# INSTRUCTIONS FOR THE TASK
The listing that follows should be copied in full and exactly, with no pictures.

======== DATASET EXCERPT

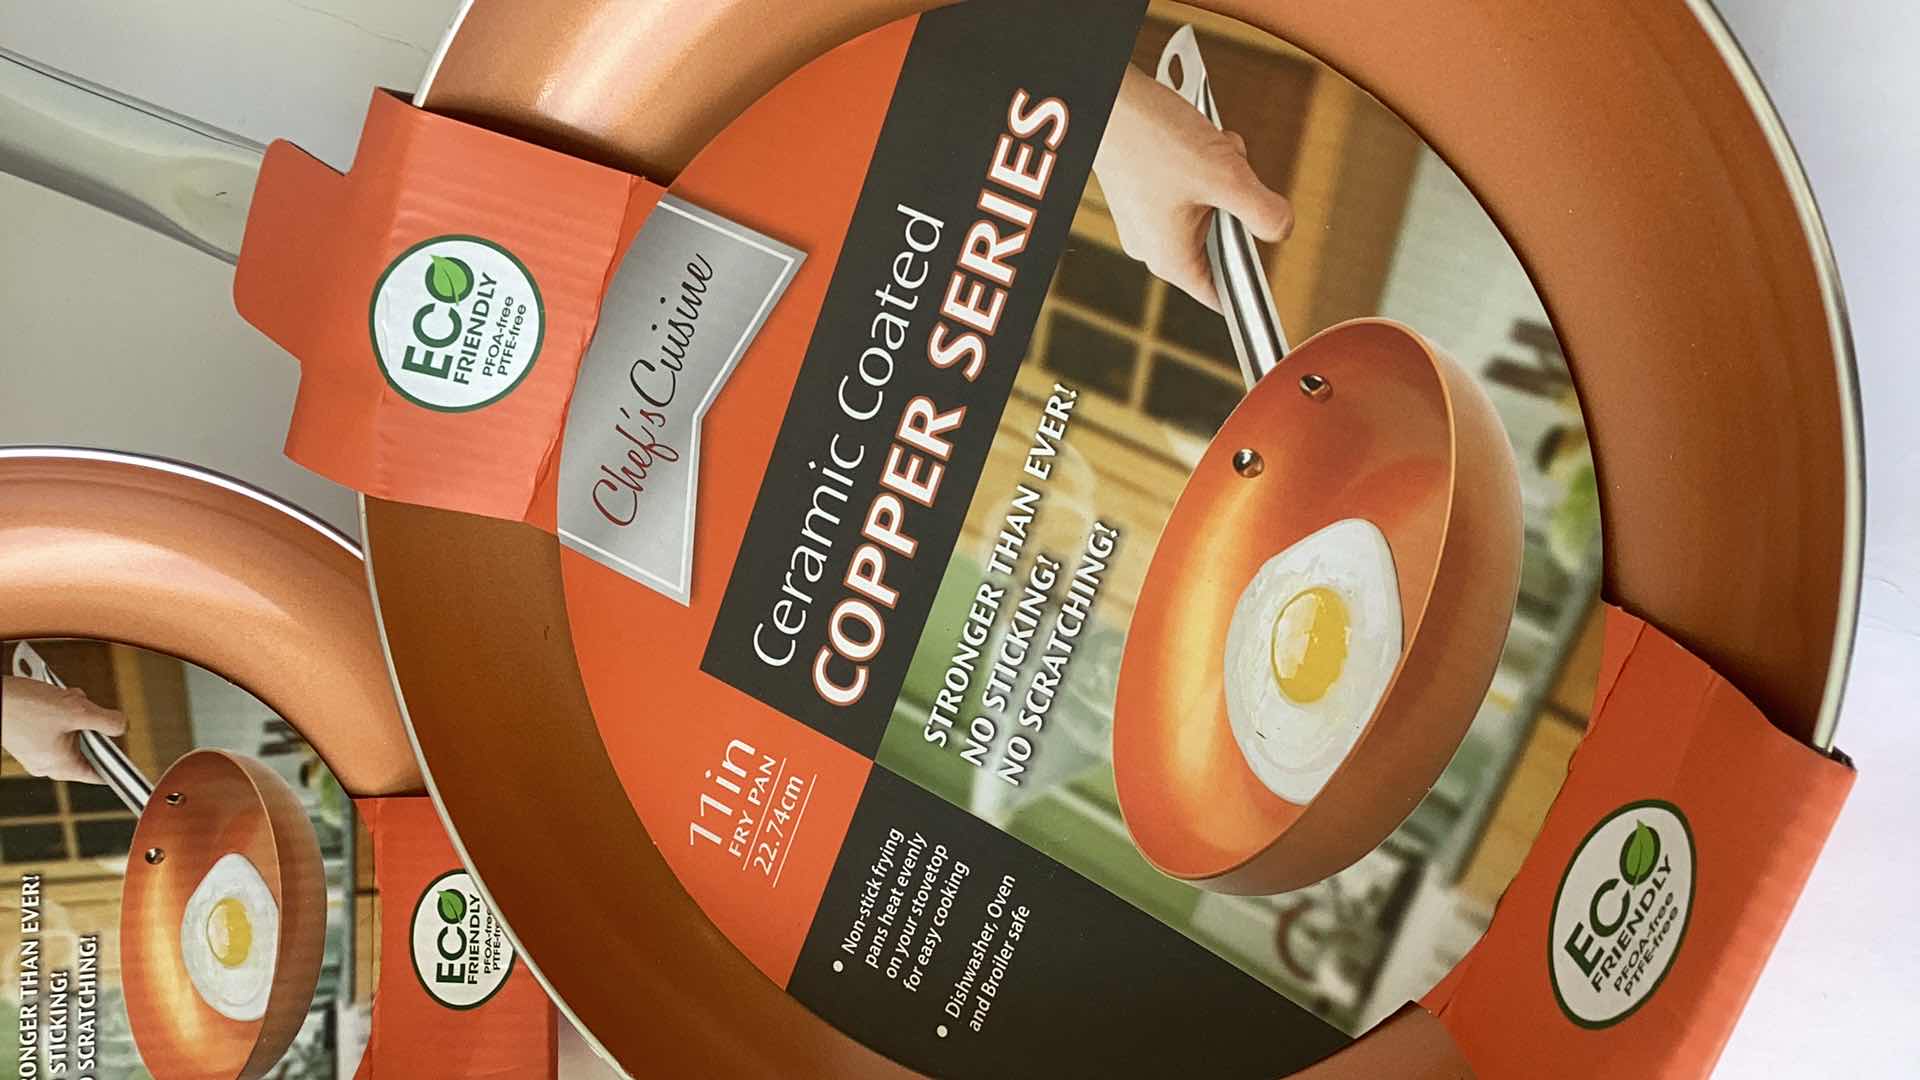 Photo 4 of CHEF’S CUISINE CERAMIC COATED COPPER COOKWARE BRAND NEW
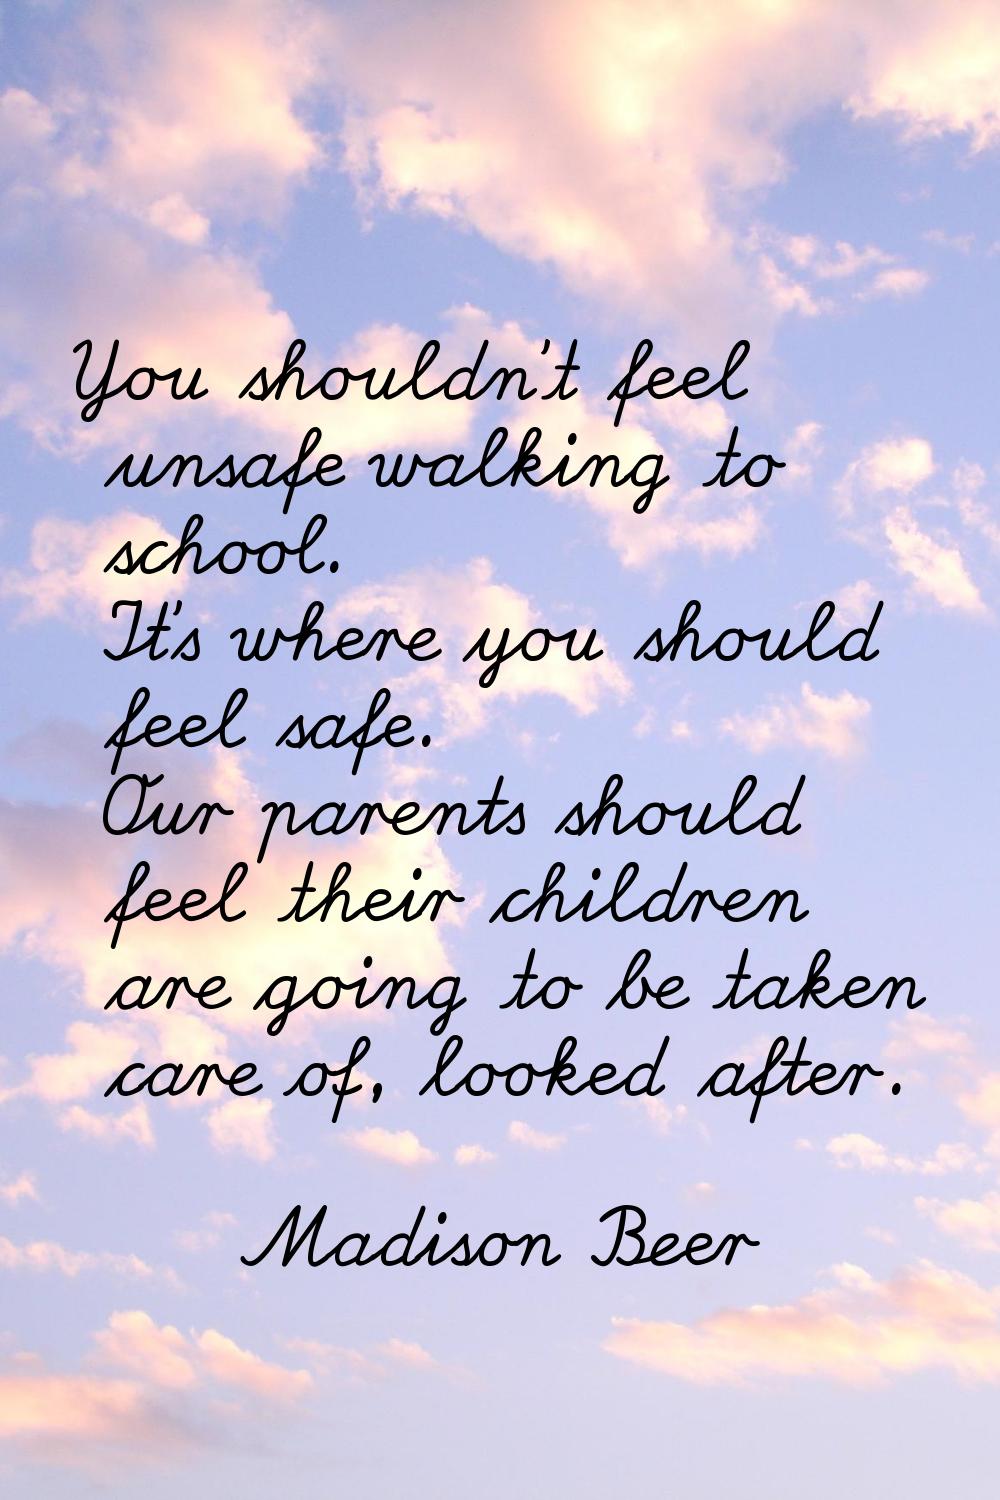 You shouldn't feel unsafe walking to school. It's where you should feel safe. Our parents should fe
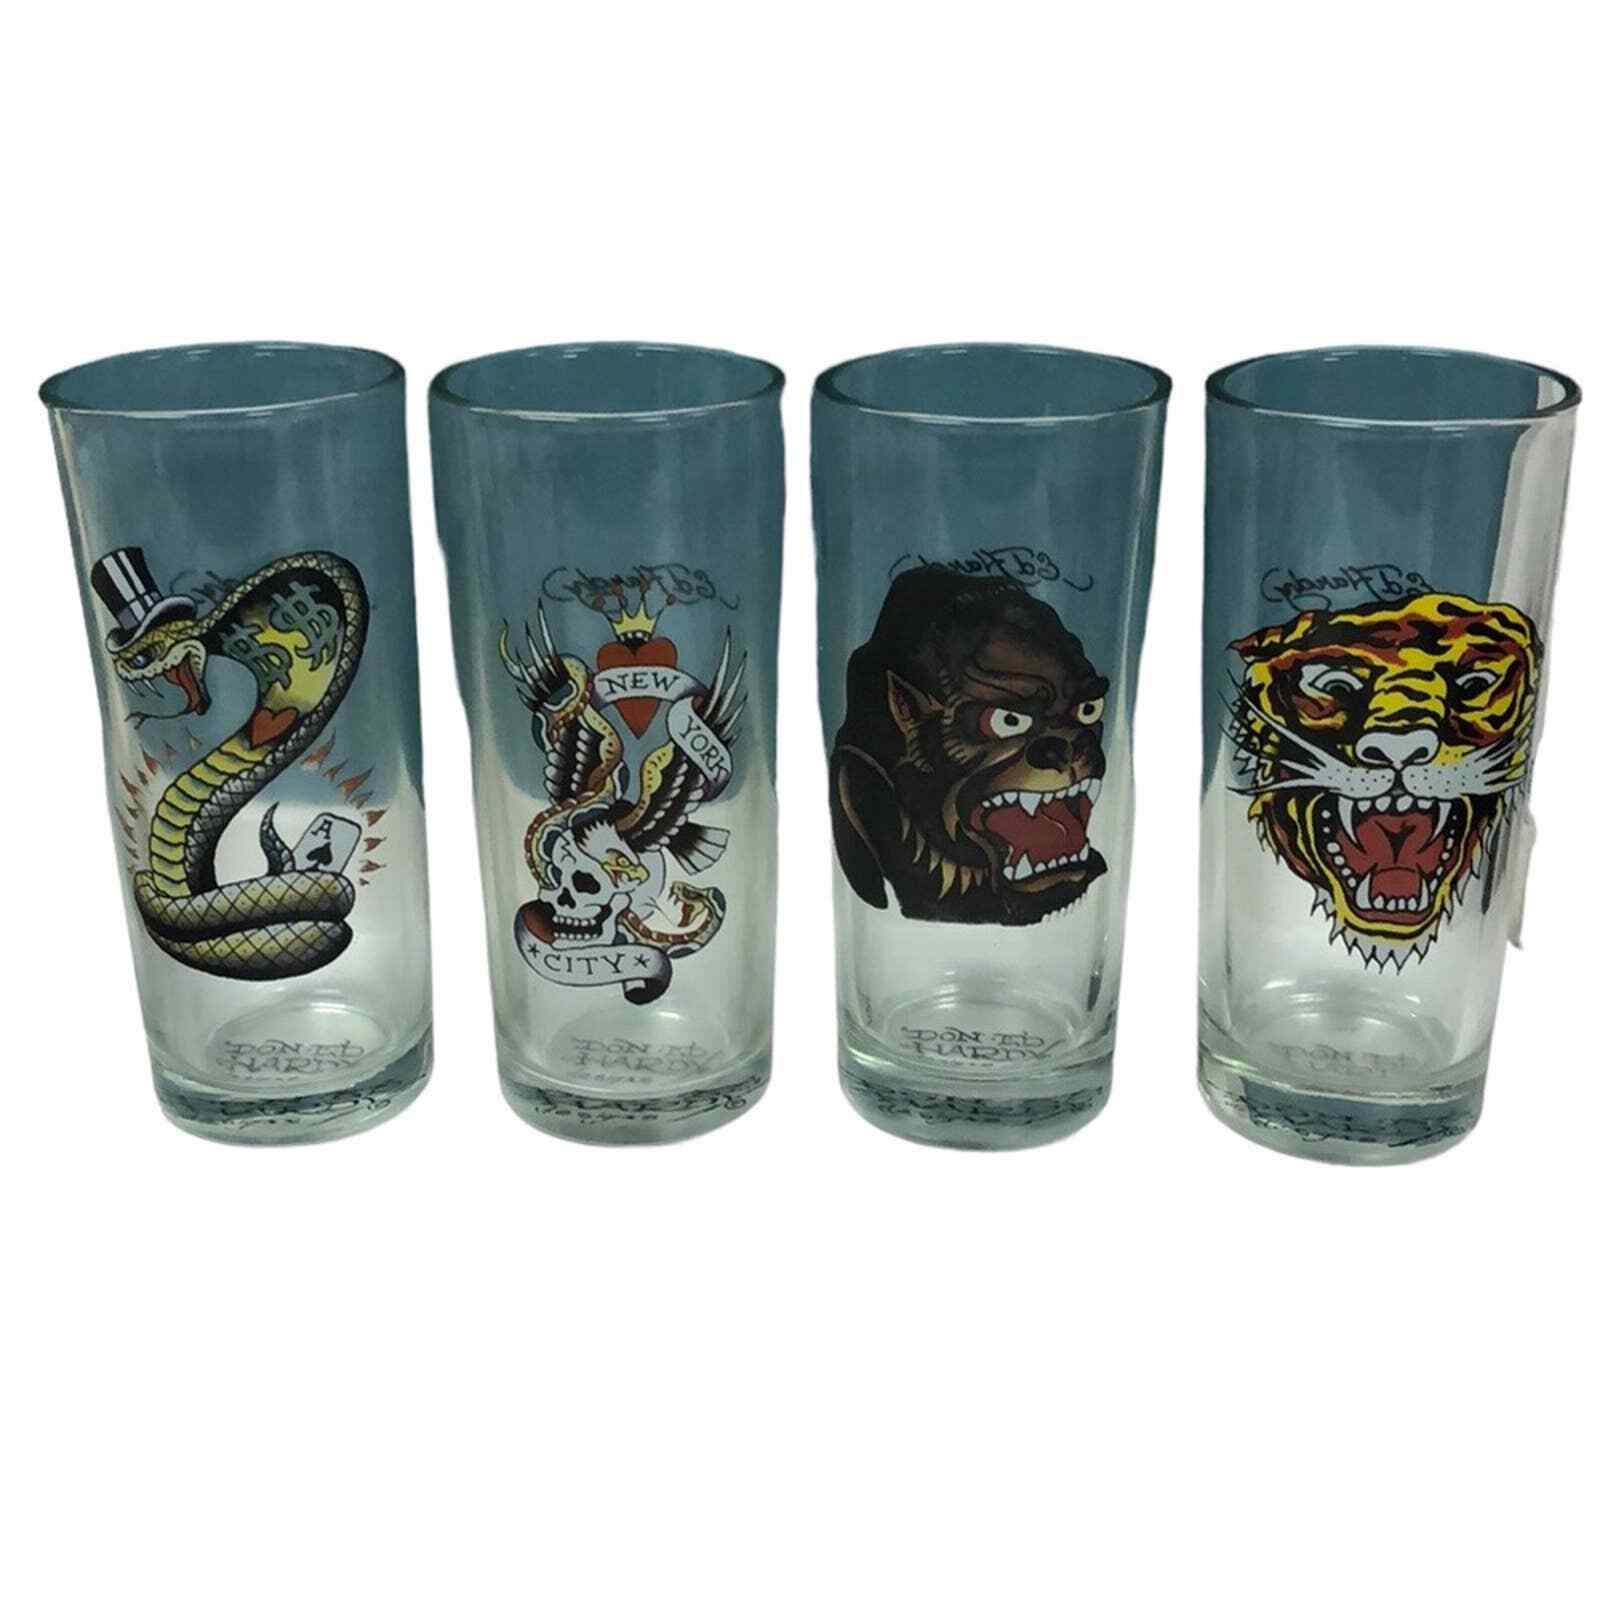 Set of 4 DON ED HARDY BY CHRISTIAN AUDIGIER BEER GLASSES 6.5” TALL 8 OZ. Lot

================

# SOLUTION TO THIS EXERCISE
 Photo 4 of CHEF’S CUISINE CERAMIC COATED COPPER COOKWARE BRAND NEW
 You shouldn't feel unsafe walking to school. It's where you should feel safe. Our parents should fe
 Set of 4 DON ED HARDY BY CHRISTIAN AUDIGIER BEER GLASSES 6.5” TALL 8 OZ. Lot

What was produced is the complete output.